Confirmando-se o sentimento geral, Bolsonaro já iniciou o caminho de volta do Planalto para a planície. O que vem pela frente é o epílogo hipertrofiado de um martírio. O país suportará por um ano e meio a falta de juízo e a ausência de rumo de um presidente que já entrou para a galeria dos piores do ramo.

A forma como Bolsonaro reincide nos próprios erros levou-o a construir uma espécie de herança maldita para si mesmo. A parte mais visível desse legado amaldiçoado é a tragédia sanitária. Mas a pane gerencial não atinge apenas a Saúde. As principais políticas públicas do país estão no caminho do brejo.
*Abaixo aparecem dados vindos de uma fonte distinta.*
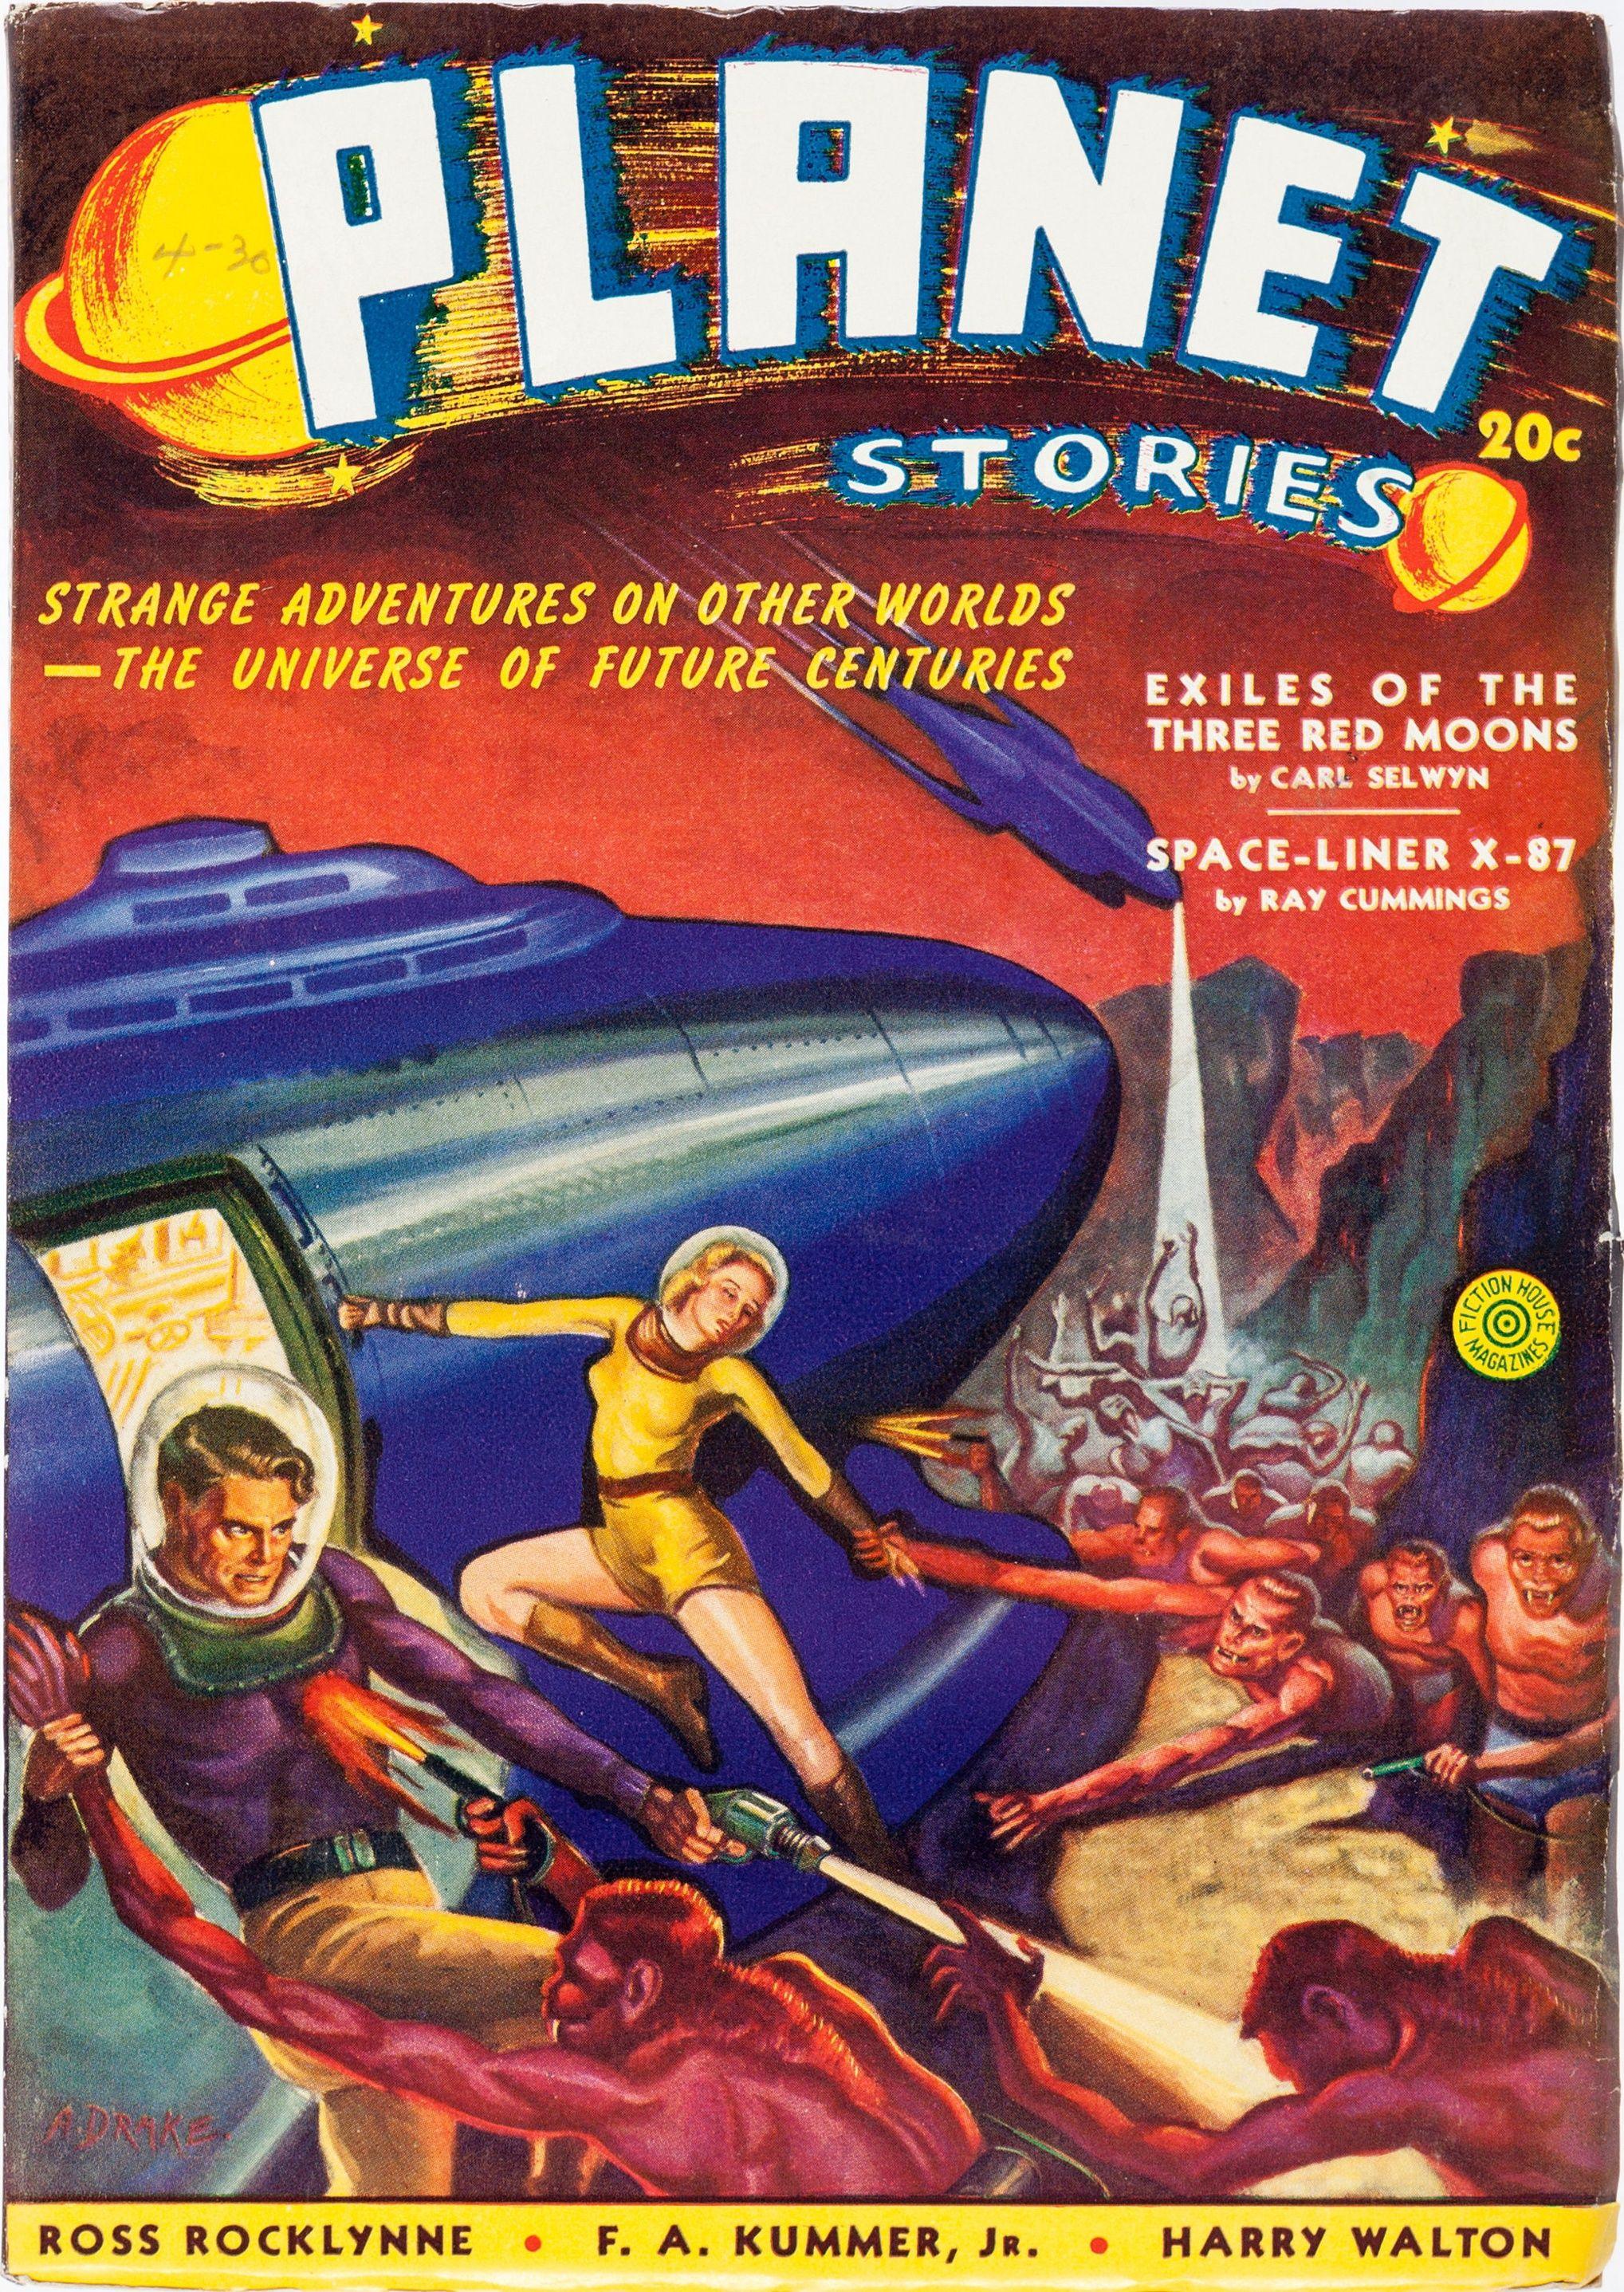 Albert Drake Exiles of the Three Red Moons Planet Stories, Vol. 1 nº 3; Summer 1940.  #AlbertDrake #PulpArt #PlanetStories #SciFi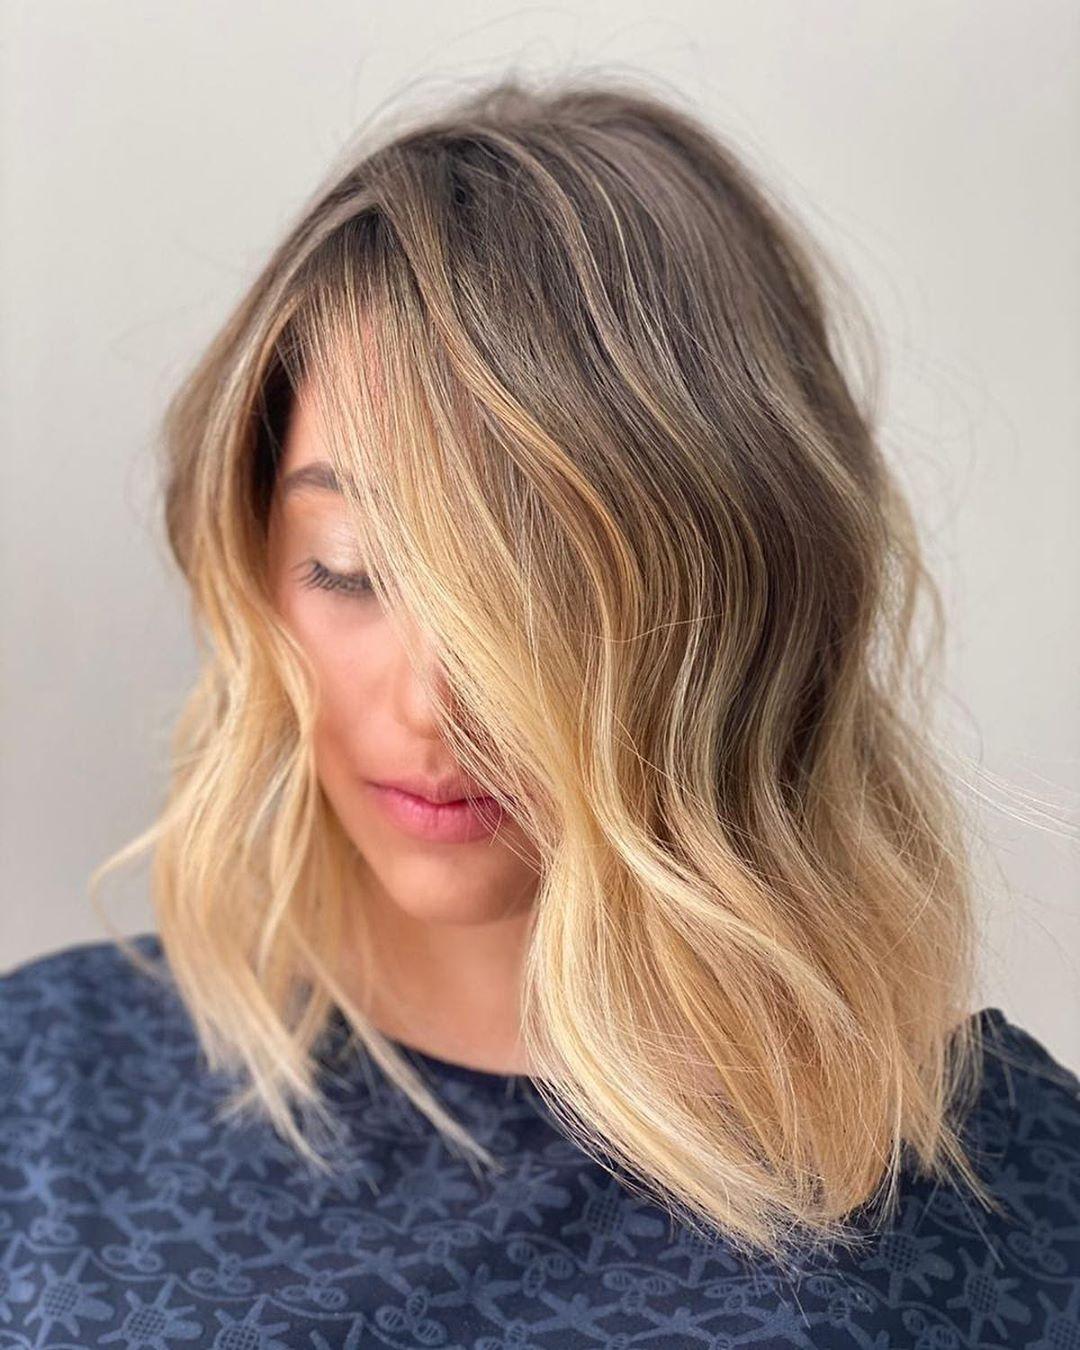 Medium Cut for Wavy Hair

A estrutura do Meio Ambiente foi devastada. A política externa desvirtuou a imagem internacional do Brasil. A política de Segurança Pública limita-se à disseminação de armas. Os generais do Planalto são mais conhecidos do que o ministro da Educação. O procurador-geral não procura. A Polícia Federal ganhou coleira.

Na área econômica, acumulam-se problemas —do desemprego à inflação, da falta de energia à falta de vacinas. Mas a prioridade de Bolsonaro é a pauta eleitoral. Os desejos do candidato —Bolsa Família vitaminado, reajuste salarial para os servidores e verba para obras eleitoreiras— são maiores do que o caixa. O que leva o governo a ameaçar com a alta de impostos.

Em política, o melhor momento para mudar é antes que a mudança se torne necessária. Bolsonaro fez uma opção preferencial pelo erro. A ruína lhe chega sempre em dobro, pois não são apenas os erros do capitão que sabotam o seu governo, mas a maneira como ele age depois de cometê-los.

No caso de Bolsonaro, um personagem que nunca teve apreço pelas instituições democráticas, a falta de espaço para manobrar é um convite para a reiteração de extravagâncias.

O presidente chama de "pilantras" os rivais da CPI sem se dar conta da pilantragem que o rodeia. Coloca numa mesma frase as "minhas Forças Armadas" e as ameaças de virar a mesa se não for implantado o voto impresso. Fornece material para a abertura de inquéritos no Supremo e acha que o problema está nas togas.

Em 2015, quando ainda era apenas um deputado do baixíssimo clero, Bolsonaro protocolou na Presidência da Câmara um pedido de impeachment de Dilma Rousseff. Anotou na peça o seguinte:

"Mais do que despreparo, mostra-se evidente a omissão da denunciada ao deixar de adotar medidas preventivas e repressivas para combater o câncer da corrupção em seu governo, mantendo, perto de si e em funções de alta relevância da administração federal, pessoas com fortes indícios de comprometimento ético e desvios de conduta. Deixou de agir em defesa da sociedade da qual é responsável máxima na administração pública."

Decorridos seis anos, Bolsonaro poderia reler o que escreveu sobre Dilma defronte do espelho. Talvez enxergue na imagem refletida um presidente omisso, protetor dos maus costumes e negligente na defesa do bem jurídico mais valioso de uma sociedade: o direito à vida.

Será um suplício acompanhar cada manhã do ocaso de um presidente cuja precariedade é ilimitada.